Frente a ella un hombre, de cierta cultura, fariseo, que la juzga con dureza, que la desprecia, que no entiende sus gestos, ni tampoco la mirada misericordiosa del Señor. Un hombre incapaz de soñar.

Y Jesús, en medio de los dos. Con paciencia y amor le explica a Simón qué significa lo que ha hecho esta mujer: cómo a Dios lo que le duele es el corazón que se cierra a la misericordia, al perdón, porque es incapaz de reconocer los propios pecados; cómo “el lugar privilegiado para el encuentro con Cristo son los propios pecados” (Papa Francisco, El perfume de la pecadora, homilía en Santa Marta, 18 de septiembre de 2014).
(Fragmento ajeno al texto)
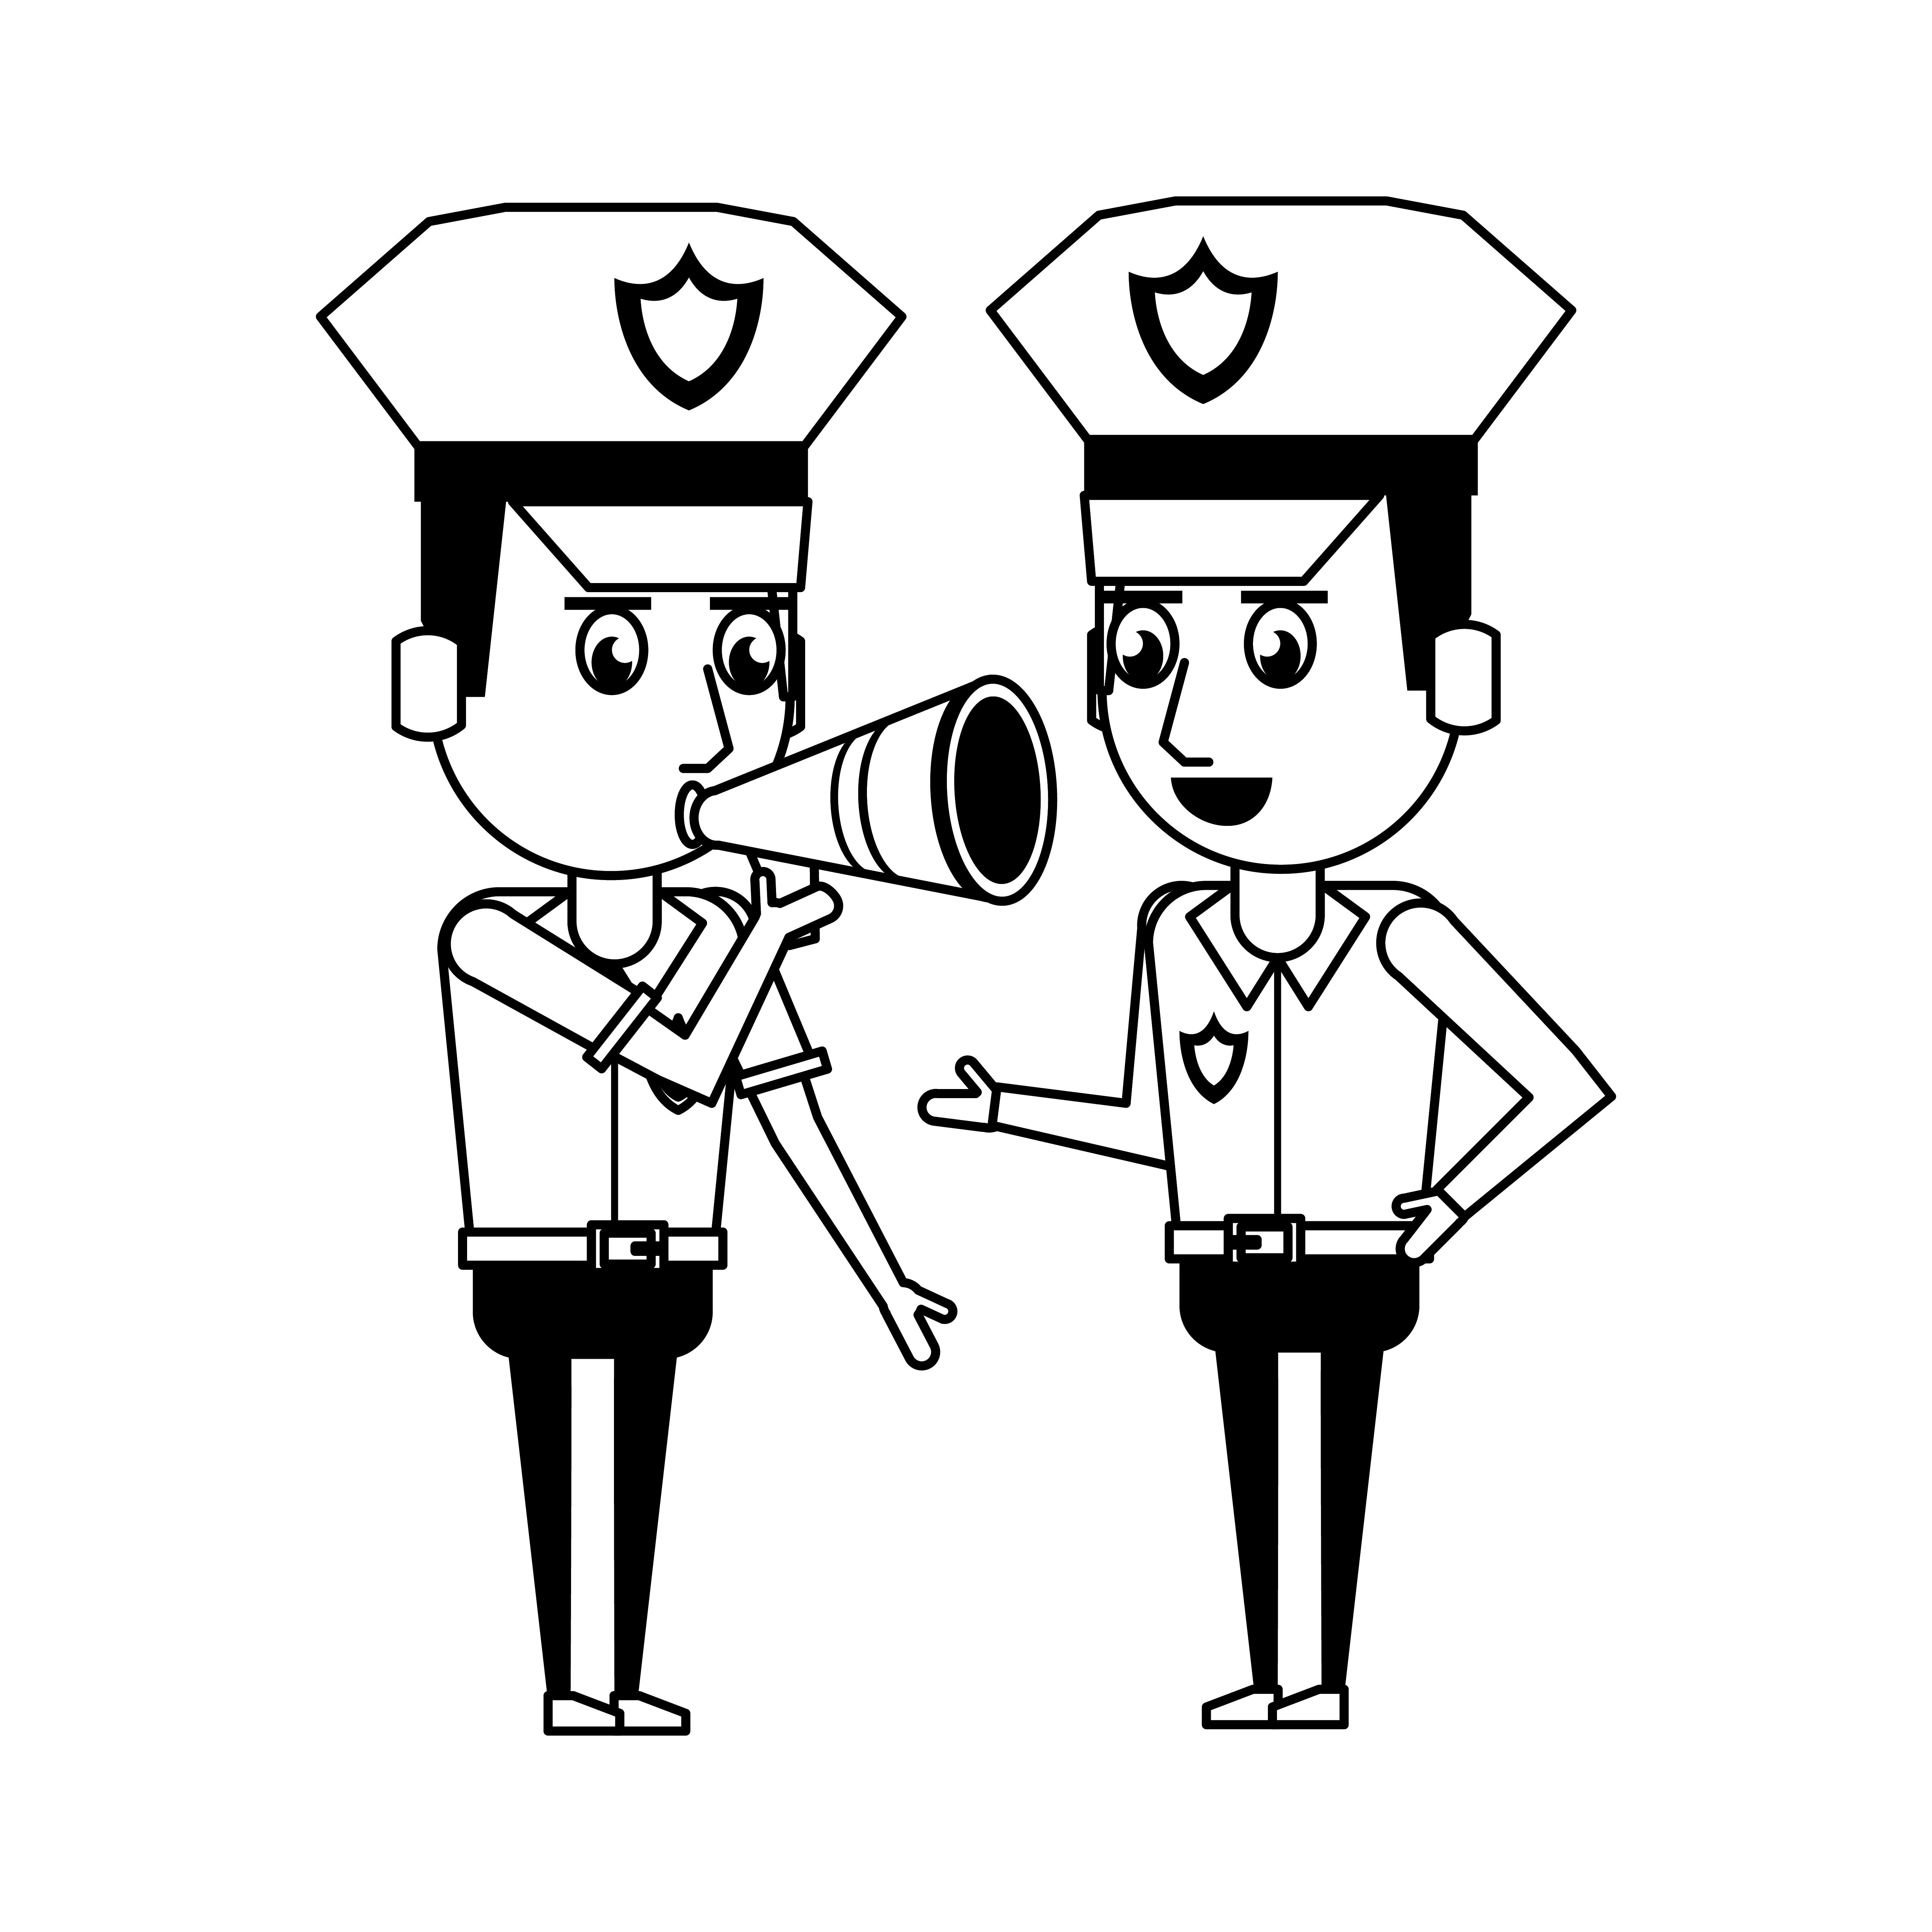 Personnage De Dessin Anime De Policiers En Noir Et Blanc Telecharger Vectoriel Gratuit Clipart Graphique Vecteur Dessins Et Pictogramme Gratuit

Le enseña cómo Él estaba deseando que aquella mujer irrumpiese en el banquete sin pedir permiso, y se abrazase a sus pies. El deseo de Jesús era poder decirle: “han quedado perdonados tus pecados”.

Esta mujer nos enseña el modo adecuado de manifestar nuestro arrepentimiento y confesar nuestras miserias y pecados.

Necesitamos llorarlos, hacer nuestro el dolor de Dios por nuestros abandonos y desprecios. Ponernos a los pies del Señor y besar y ungir sus pies, con nuestro agradecimiento y nuestra adoración.

Jesús nunca se queda en la superficie de nuestra vida, va al fondo de nuestro corazón para sanarlo y que pueda volver a amar.